Work instruction:
Set down the data again word for word. Skip any pictures.

Collected material:
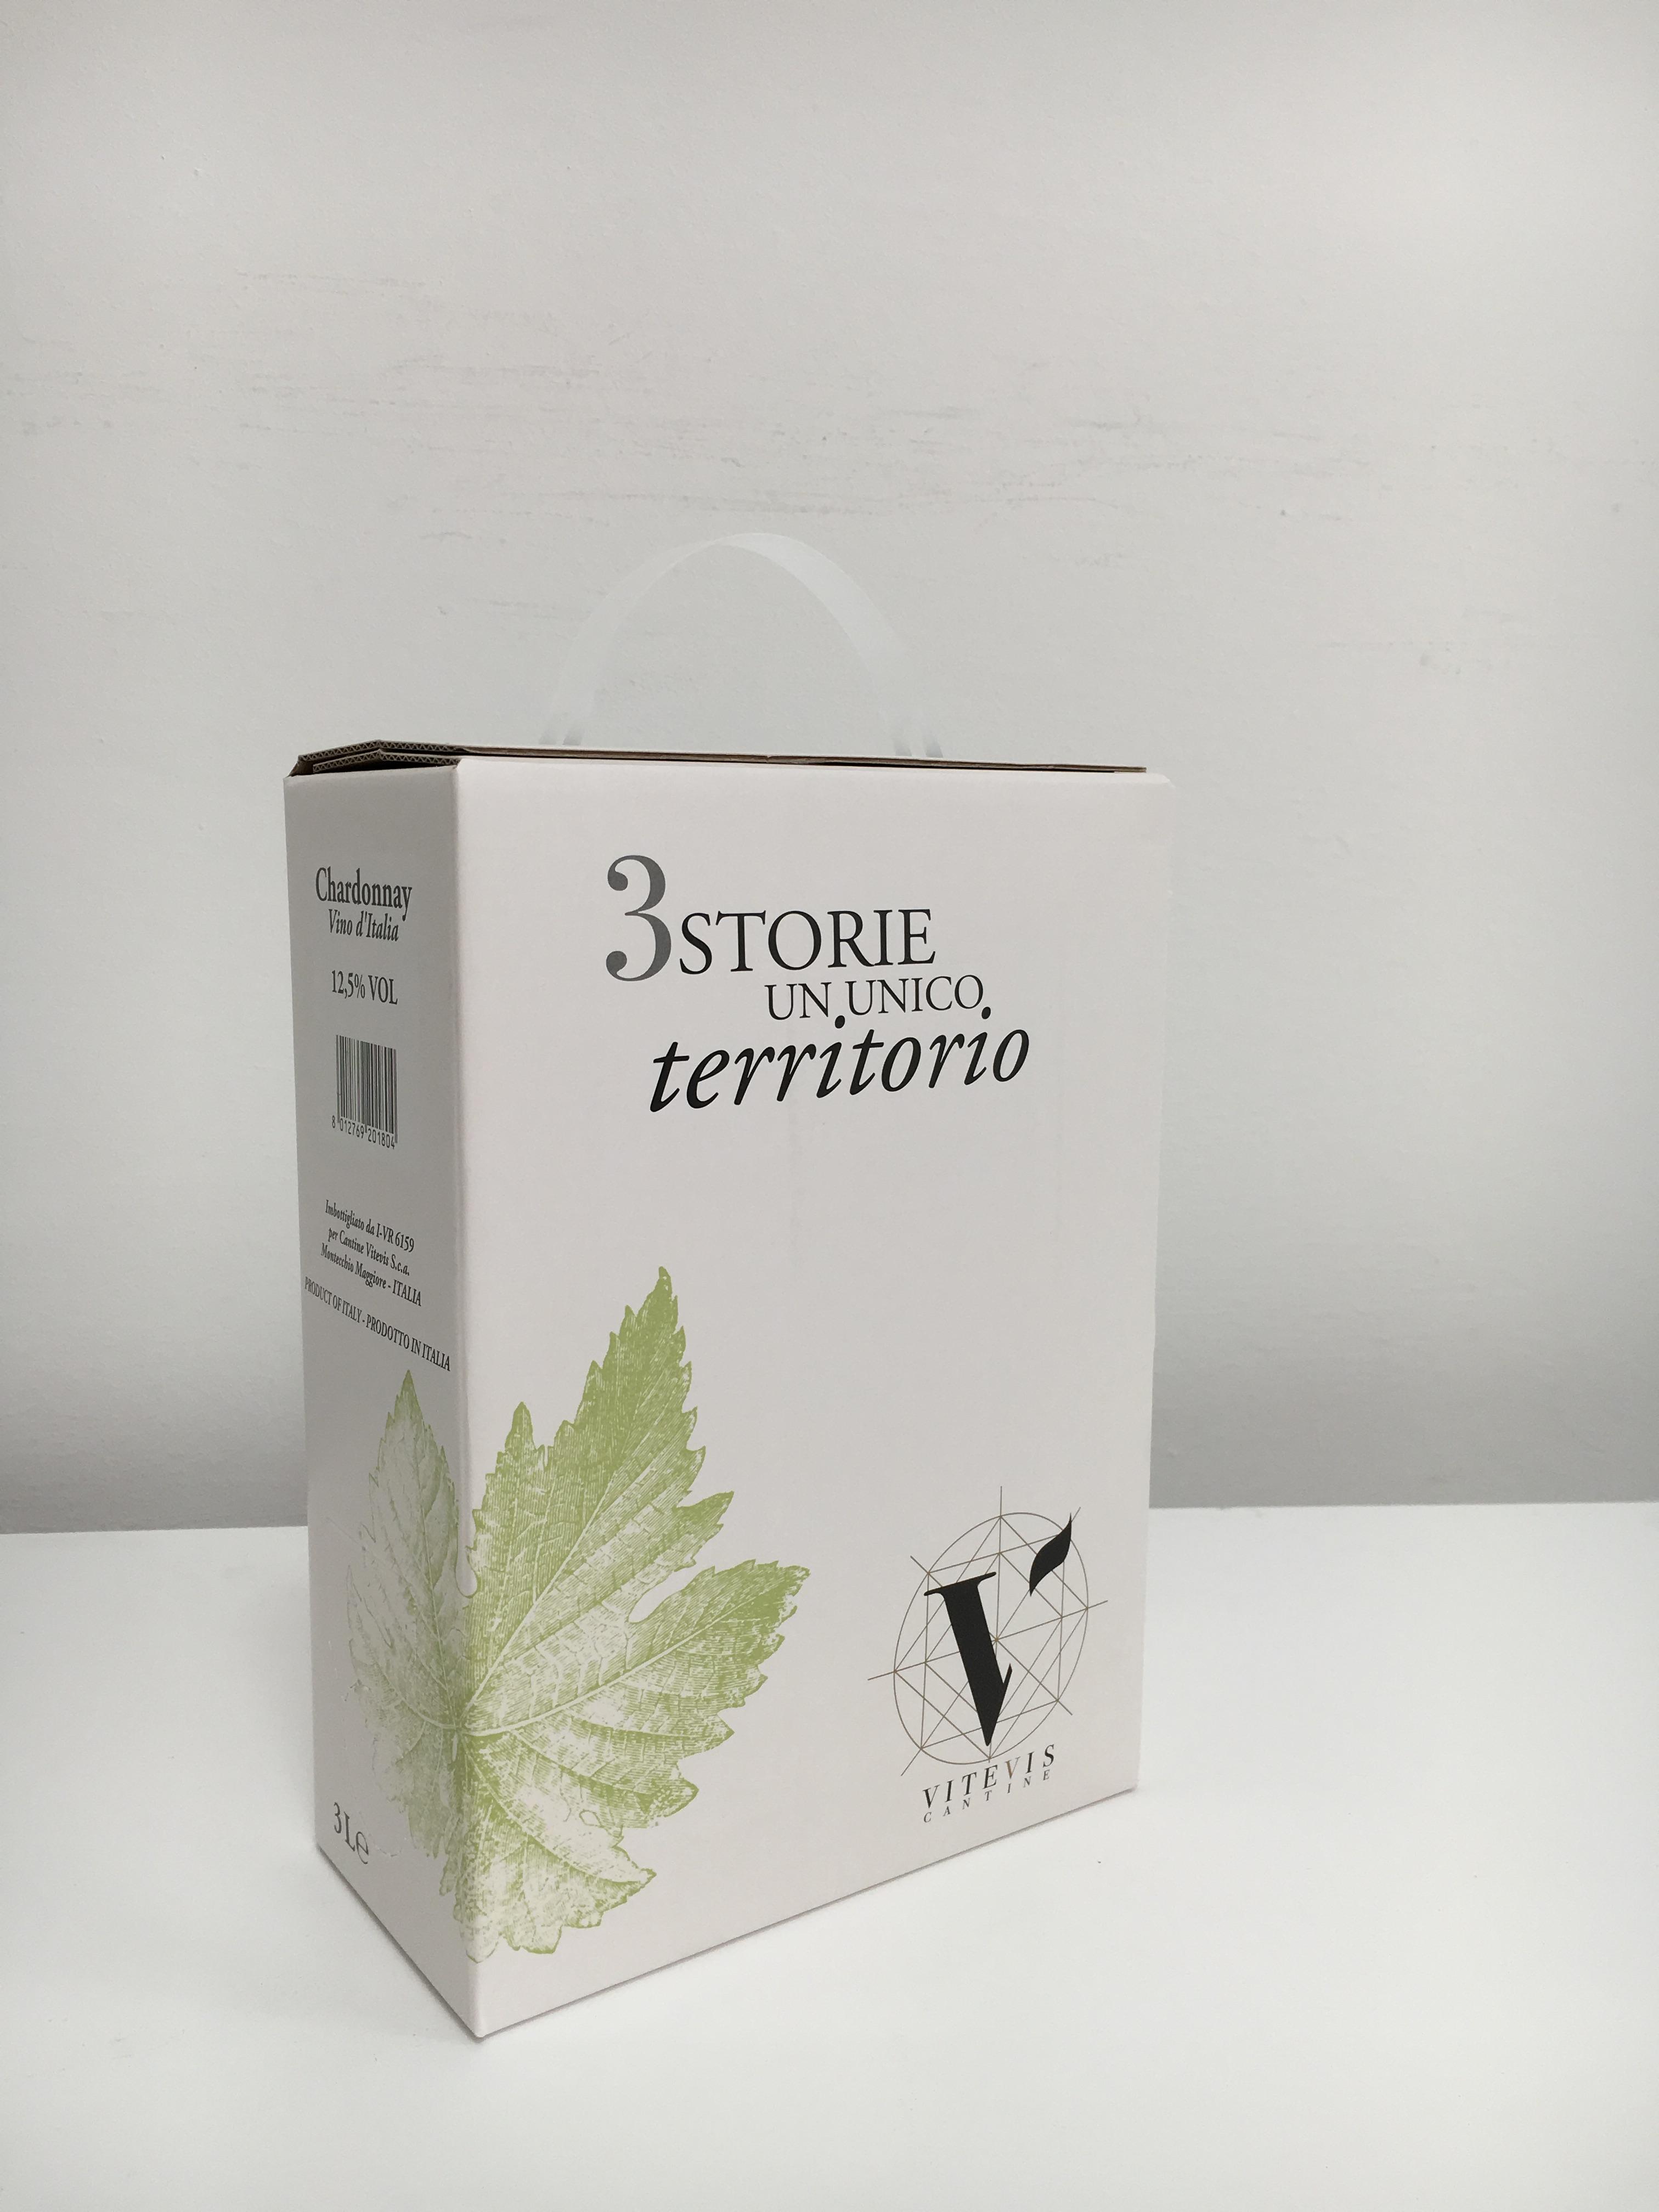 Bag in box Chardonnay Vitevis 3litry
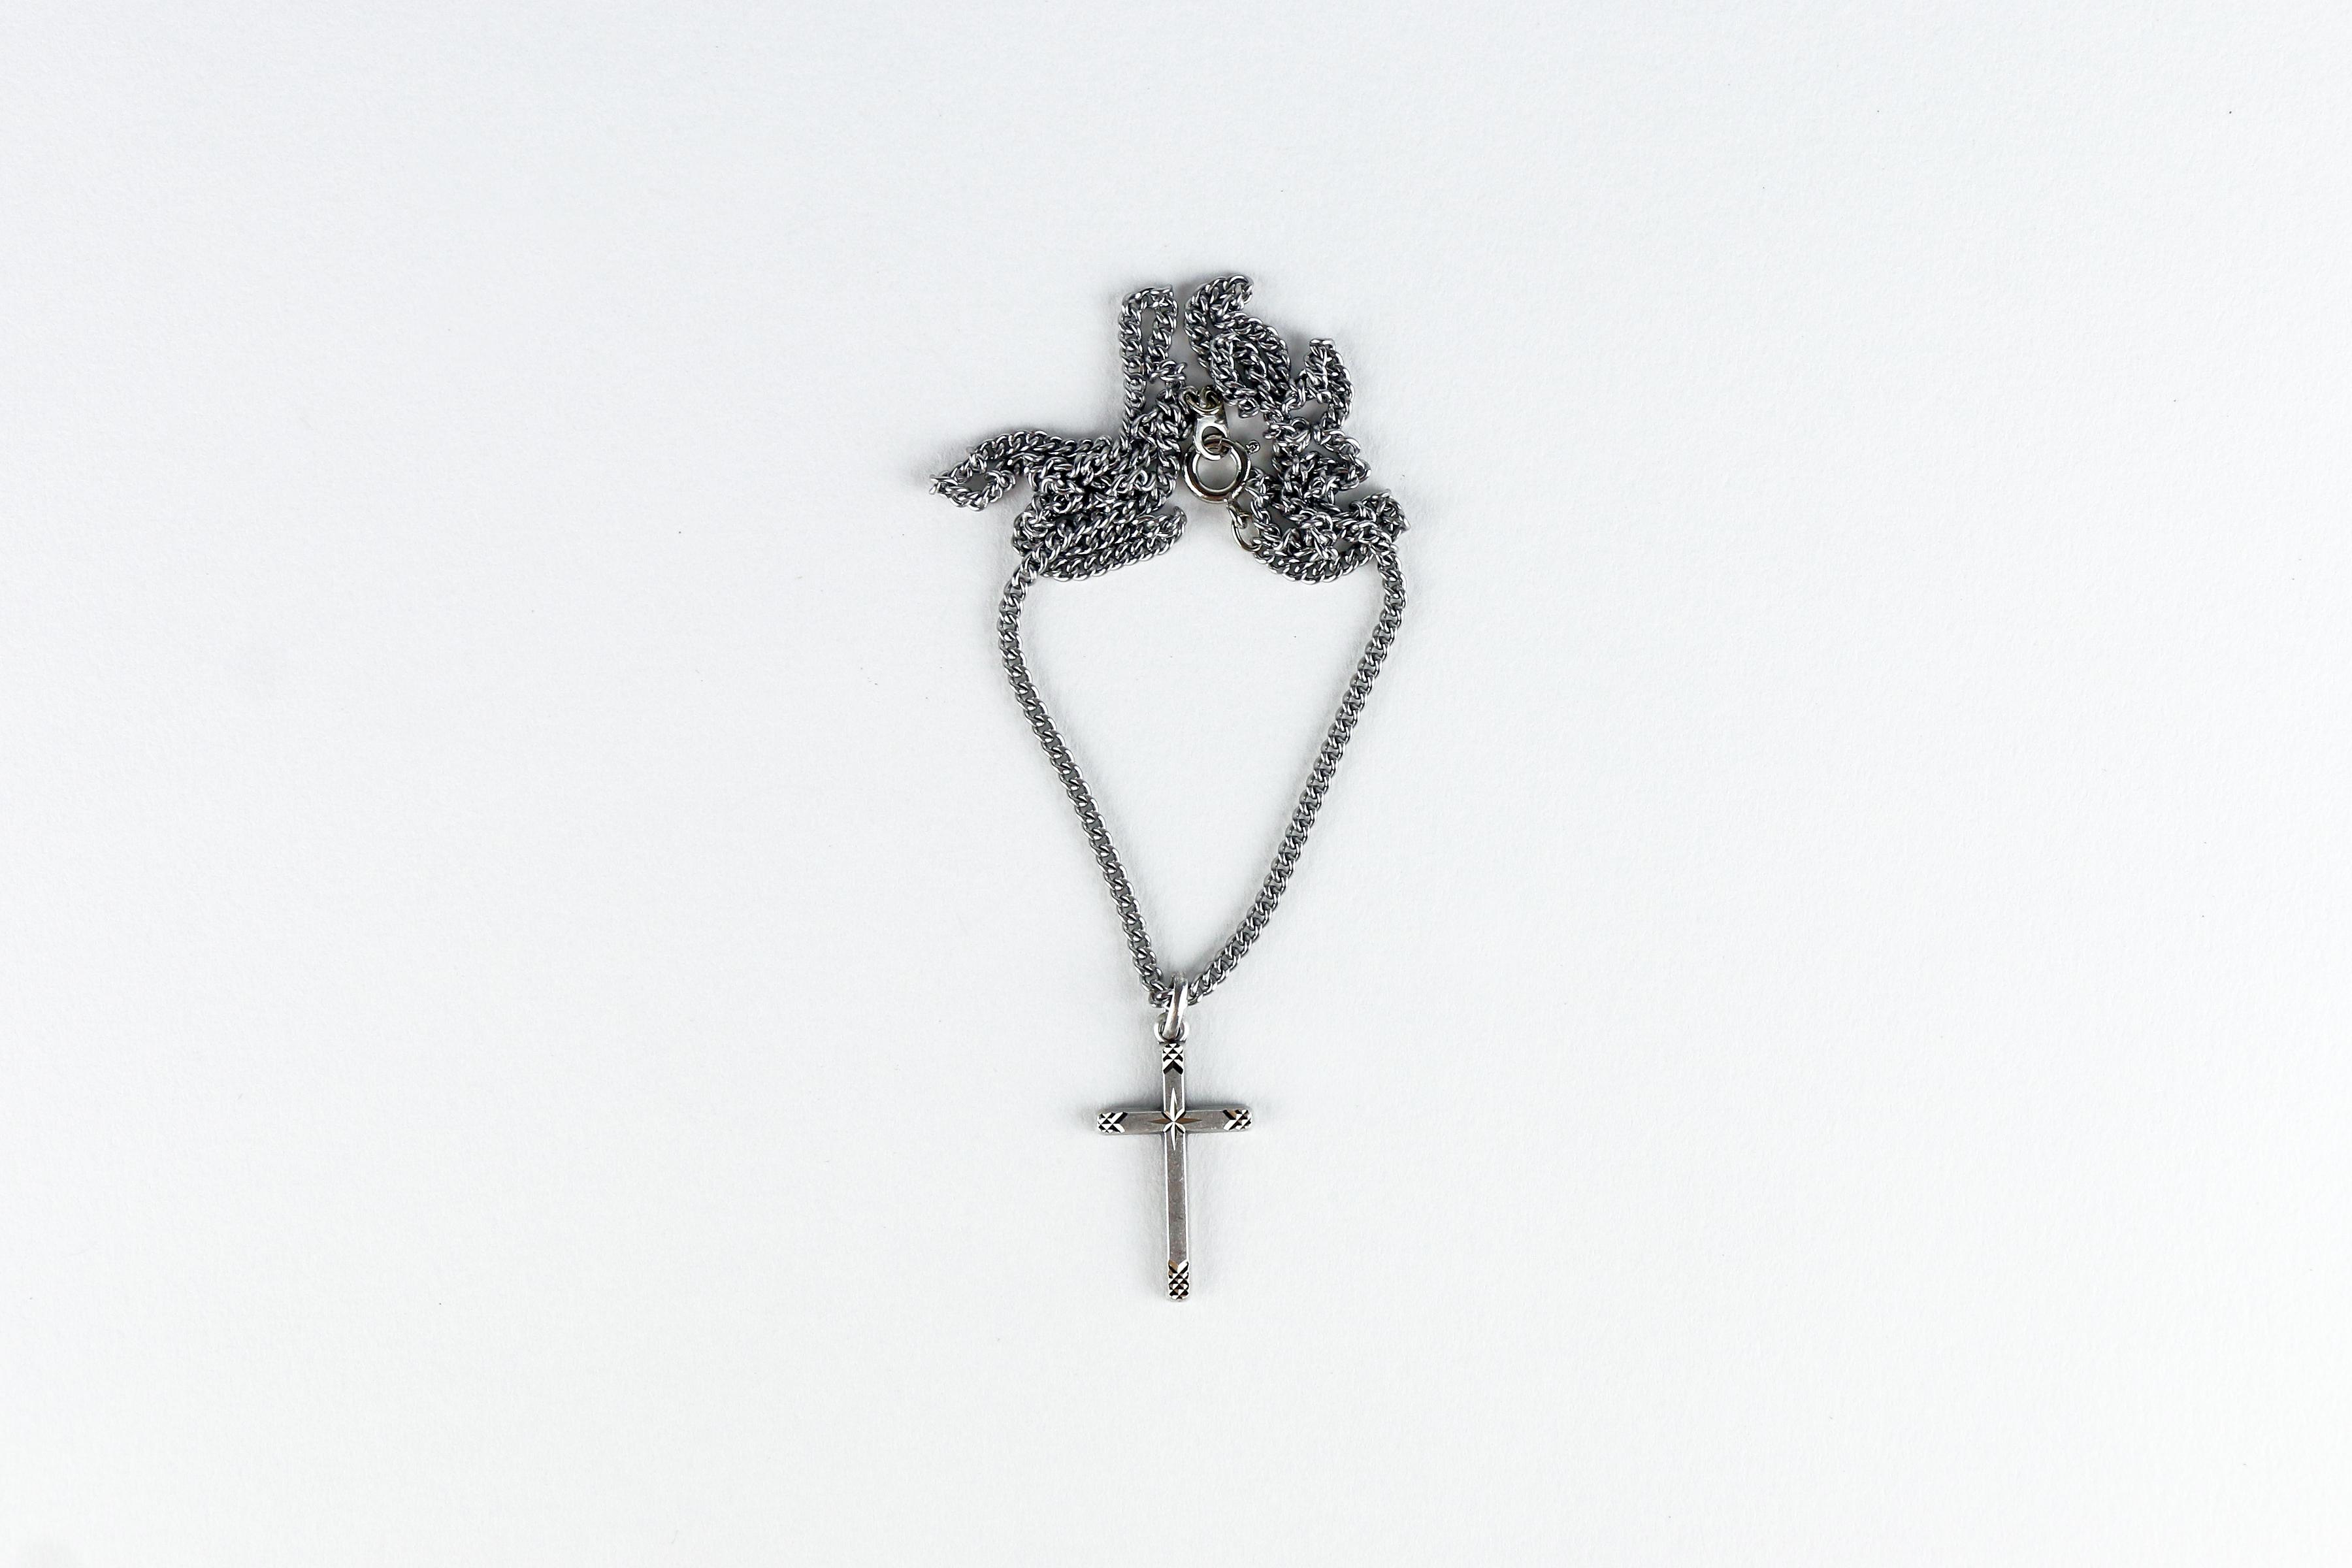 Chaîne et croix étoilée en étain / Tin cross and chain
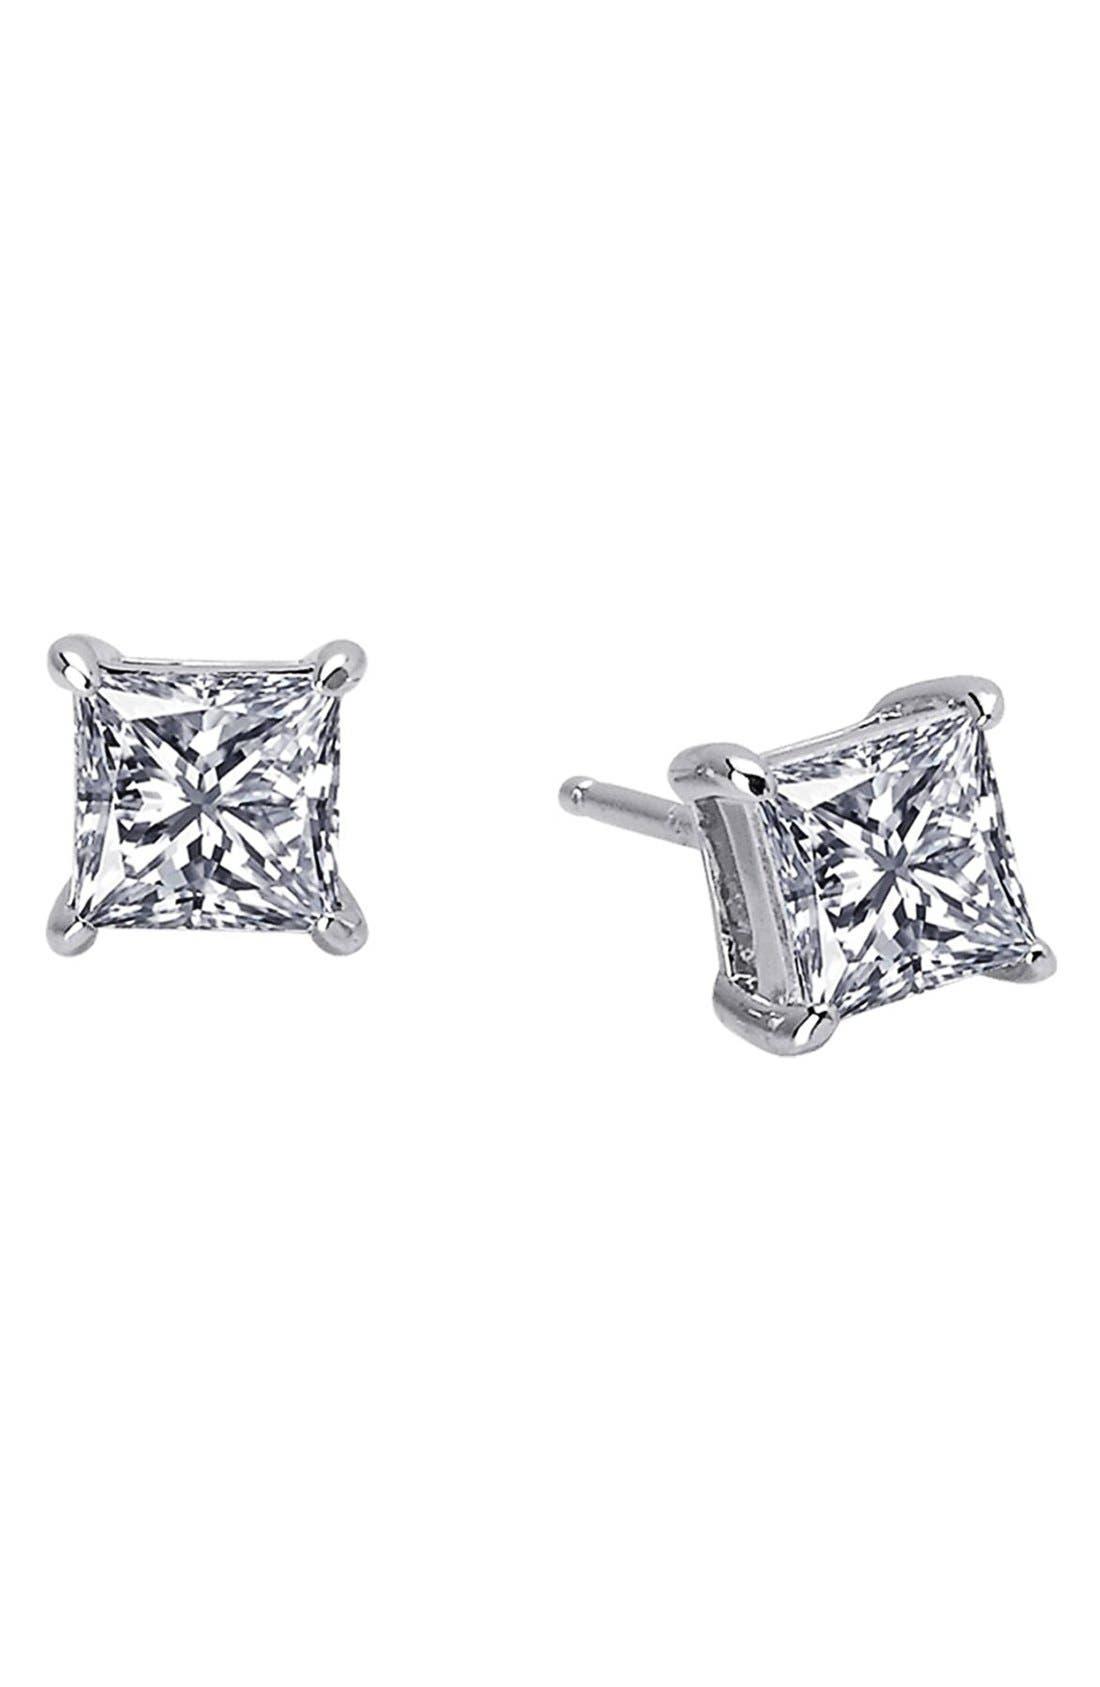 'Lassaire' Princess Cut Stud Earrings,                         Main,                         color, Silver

Exercise output:
 Bag in box Chardonnay Vitevis 3litry
 Chaîne et croix étoilée en étain / Tin cross and chain
 'Lassaire' Princess Cut Stud Earrings,                         Main,                         color, Silver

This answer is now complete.